Hola, me gustaría saber cómo se dice en francés "disfrutar de muchas comodidades". Siempre he utilizado el verbo "jouir", pero me han dicho que se utiliza más referido a disfrutar sexualmente. Espero que me ayudéis. Muchas gracias


----------



## demosthène

Hola! 
En francés, traduciría "disfrutar de muchas comodidades" por "jouir d'un grand confort" o se puede decir "disposer de beaucoup de confort". Es verdad que "jouir" tiene una connotación sexual (sobre todo cuando le empleas solo) pero en algunas expresiones se le emplean como "disfrutar", sin connotaciones. Bueno, espero que he contestado a tu pregunta


----------



## bluecalypso

"Bénéficier d'un grand confort", "Profiter d'un grand confort" sont aussi des synonymes , certes ayant moins de force mais moins ambigus.


----------



## psycoangel

Nueva pregunta​
Bonjour à tous!

Je suis en train d'écrire un exposé sur un voyage à Paris et je ne veux pas que le verbe _jouir _puisse donner lieu à un sens d'autre que _disfrutar. _D'ailleurs je ne veux pas utiliser _se regaler _car je m'en suis déjà servi.

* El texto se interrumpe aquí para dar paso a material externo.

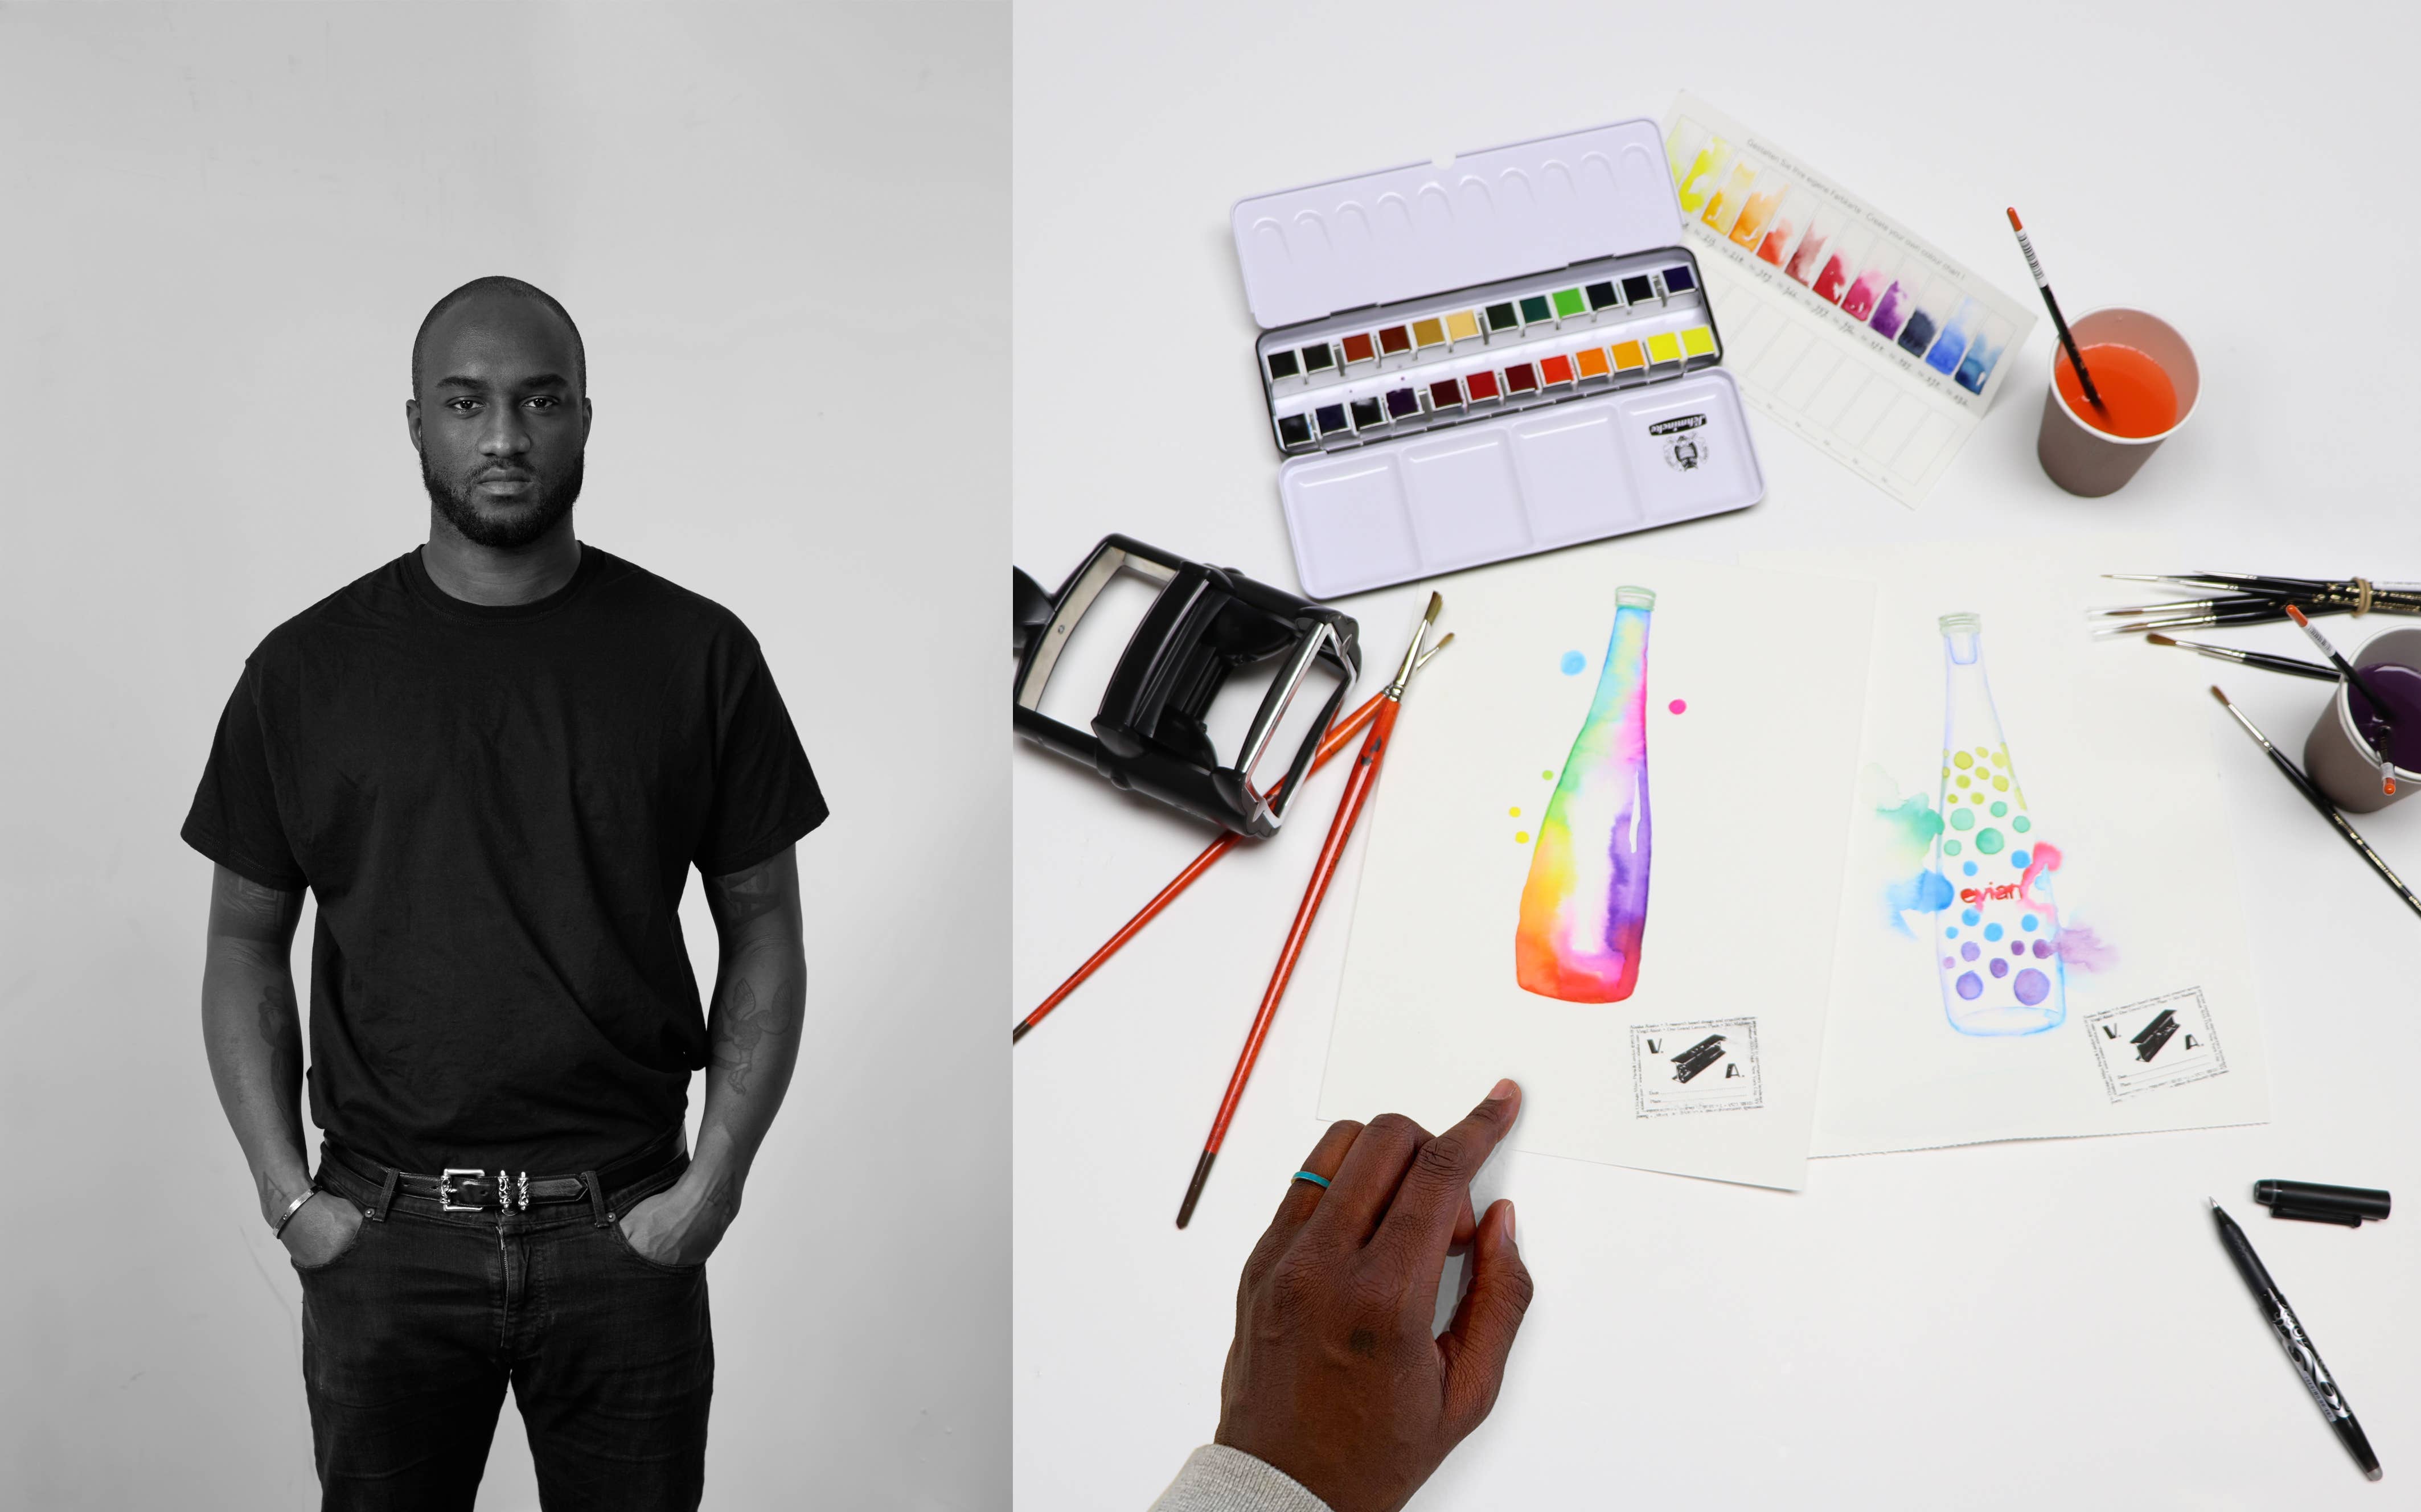 Virgil Abloh is working on a new project with Evian

Voyons:

"Luego *disfrutamo*s con las maravillosas vistas del segundo piso de la Torre".

_" Puis *nous avons joui de* merveilleuses vues du deuxième étage de la Tour"._

Questions:
1. Est-ce que le sens de la phrase est clair?
2. _jouir_ ne signifie _correrse _que quand il est suivi d'un supplément, n'est-ce pas?

Merci d'avance! 

PS: Corrigez mes fautes d'orthographe s'il vous plaît.


----------



## Crescent

psycoangel said:


> Bonjour à tous!
> 
> Je suis en train d'écrire un exposé sur un voyage à Paris et je ne veux pas que le verbe _jouir _puisse donner lieu à un sens d'autre que _disfrutar. _D'ailleurs je ne veux pas utiliser _se regaler _car je m'en suis déjà servi. Voyons:
> 
> "Luego *disfrutamo*s con las maravillosas vistas del segundo piso de la Torre".
> 
> _" Puis *nous avons joui de* merveilleuses vues du deuxième étage de la Tour"._
> 
> Questions:
> 1. Est-ce que le sens de la phrase est clair?
> 2. _jouir_ ne signifie _correrse _que quand il est suivi d'un supplément, n'est-ce pas?
> 
> Merci d'avance!
> 
> PS: Corrigez mes fautes d'orthographe s'il vous plaît.



Bonjour, psycoangel! 

Je crains qu'il n'y ait aucunes fautes de frappes, ou autrement aucunes fautes pour corriger, dans votre français qui me semble être parfait!  
Enhorabuena, de verdad! 

Pues, según mi diccionario, ''jouir de'' es el equivalente excato de ''disfrutar de algo'' pero no sé si tiene algo que ver con ''correrse'' si es seguido por
un suplemento, o no...  (jájá! Es gracioso, ya que acabo de aprender este verbo ''correrse'' en español, después de haber cometido un error muy grave y avergonzante usándolo incorectemente. Y ahora, no puedo decir esta palabra sin enrojecerme ya que cada vez que lo digo, no puedo evitar pensar en mi error!! )

Vale, entonces: me parece que decir ''Nous avons joui de..'' está bien y correcto, pero hay sólo una cosita que corregiría yo: ''de vues merveilleuses'' - es decir, el adjetivo sigue el sustantivo, y no lo contrario. Vale?


----------



## josepbadalona

[
_" Puis *nous avons joui de* merveilleuses vues du deuxième étage de la Tour"._

_me suena perfecto, y sin ambigüedad..._


2. _jouir_ ne signifie _correrse _que quand il est suivi d'un supplément, n'est-ce pas?

no estoy conforme
es "jouir" a secas lo que significa correrse

(¿supplément ? ¿quieres decir "complément"?)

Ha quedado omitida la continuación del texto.